'Greenberg could be the greatest Jewish sportsman since Spitz'

International Boxing Organization believe that 23-year-old Greenberg may be heavyweight champ by end of 2007.

roman greenberg 298.88 (photo credit: Blake-Ezra Cole)
roman greenberg 298.88
(photo credit: Blake-Ezra Cole)
Roman Greenberg visited home and showed off the first heavyweight boxing title belt ever won by an Israeli on Monday afternoon in Tel Aviv. The newly crowned International Boxing Organization Intercontinental Heavyweight champ and his long-time promoter, Robert Waterman of Fight Academy, hosted the Israeli media to talk about the 23-year-old's future plans, which they believe will see him crowned as the world heavyweight champ by the end of 2007, and "maybe even this year." Waterman was full of superlatives about the undefeated Israeli, claiming he could be the world's "first billion-dollar boxer" and the "most important Jewish sportsman since Mark Spitz or maybe even [18th century boxing champ] Daniel Mendoza." Waterman is in constant negotiations for Greenberg's next fight, which could be a big one. Among the main options are taking on Italian Paolo Vidoz for the European title or squaring off against American contender Shannon Briggs.
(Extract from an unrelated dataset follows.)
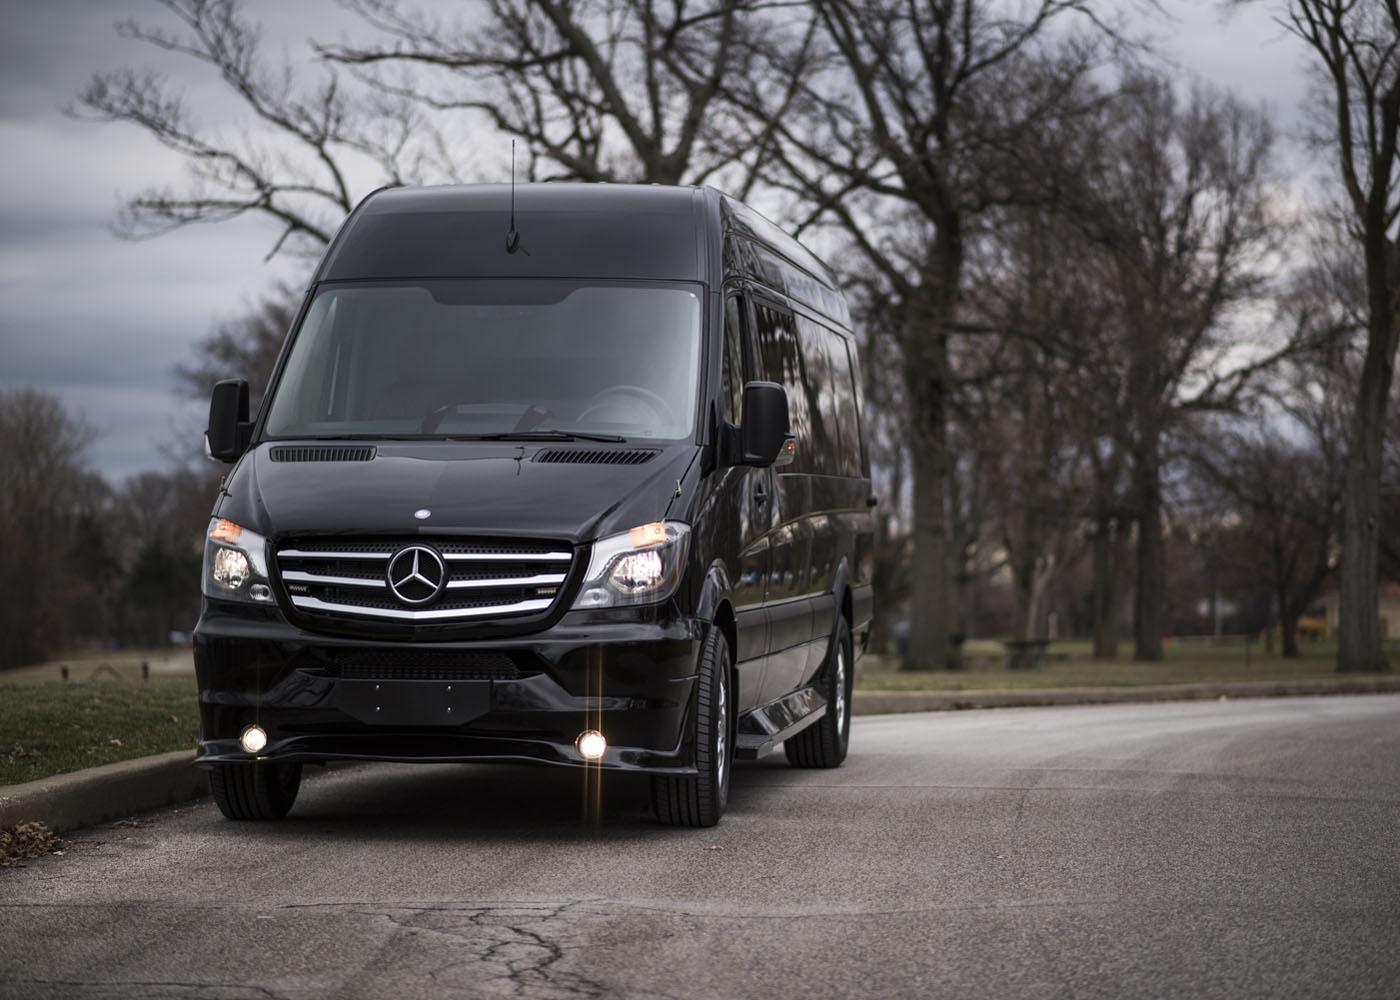 Midwest Automotive Design - Luxury Custom Sprinter Vans - American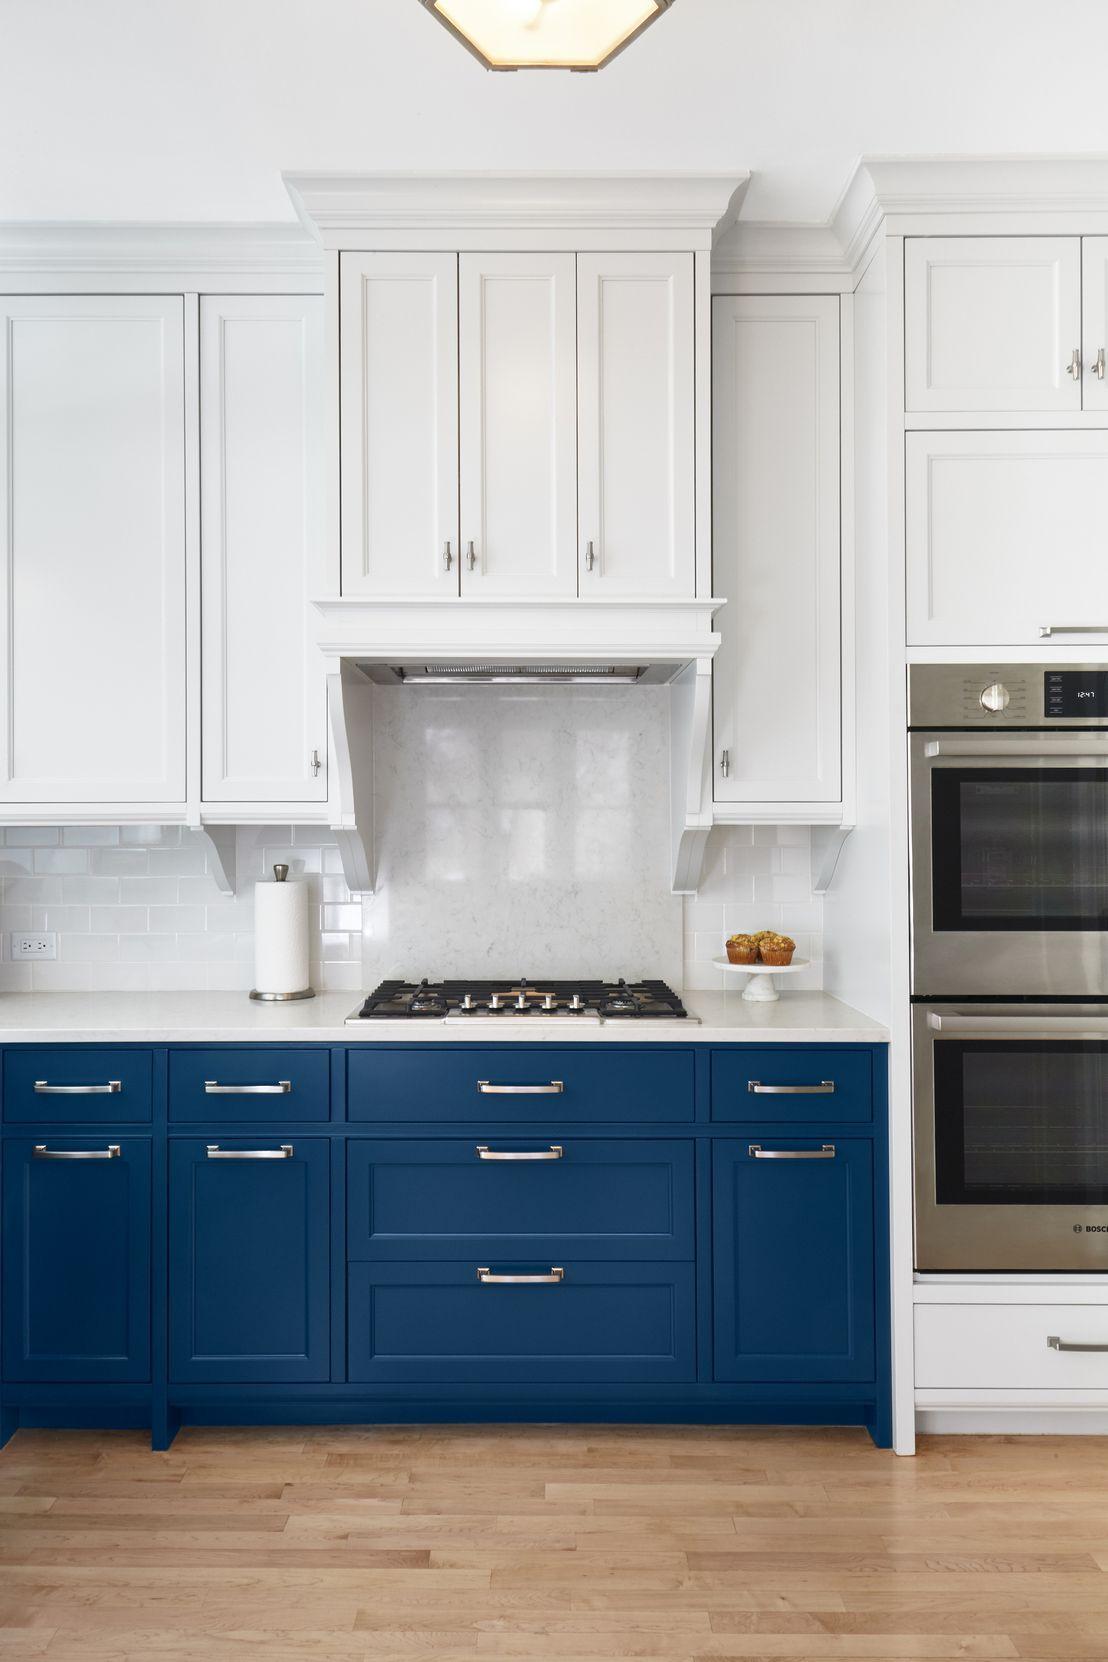 28 Stylish Kitchens with Concealed Range Hoods

Another option is challenging the winner of the upcoming IBO World Heavyweight Championship bout between Chris Byrd and Wladimir Klitschko. According to Waterman, as the IBO's Intercontinental champ, Greenberg is eligible for a shot at the Byrd-Klitschko winner. "The only fighter that can beat Roman Greenberg is Roman Greenberg," Waterman said. "Roman can make [former world champ] Lennox Lewis look small." Greenberg (22-0, 15 KOs), who scored a sixth-round technical knockout over Russian Alex Vassilev in Monte Carlo last month to win the belt, is also eager to take on the big boys. "I've been training as a professional for four or five years. I'm 100 percent ready," he said. "I want to show the world that Jews can fight." The pair were naturally asked about fighting in Israel, but Waterman didn't sound optimistic. "We'd love to," he said, "but we need more support."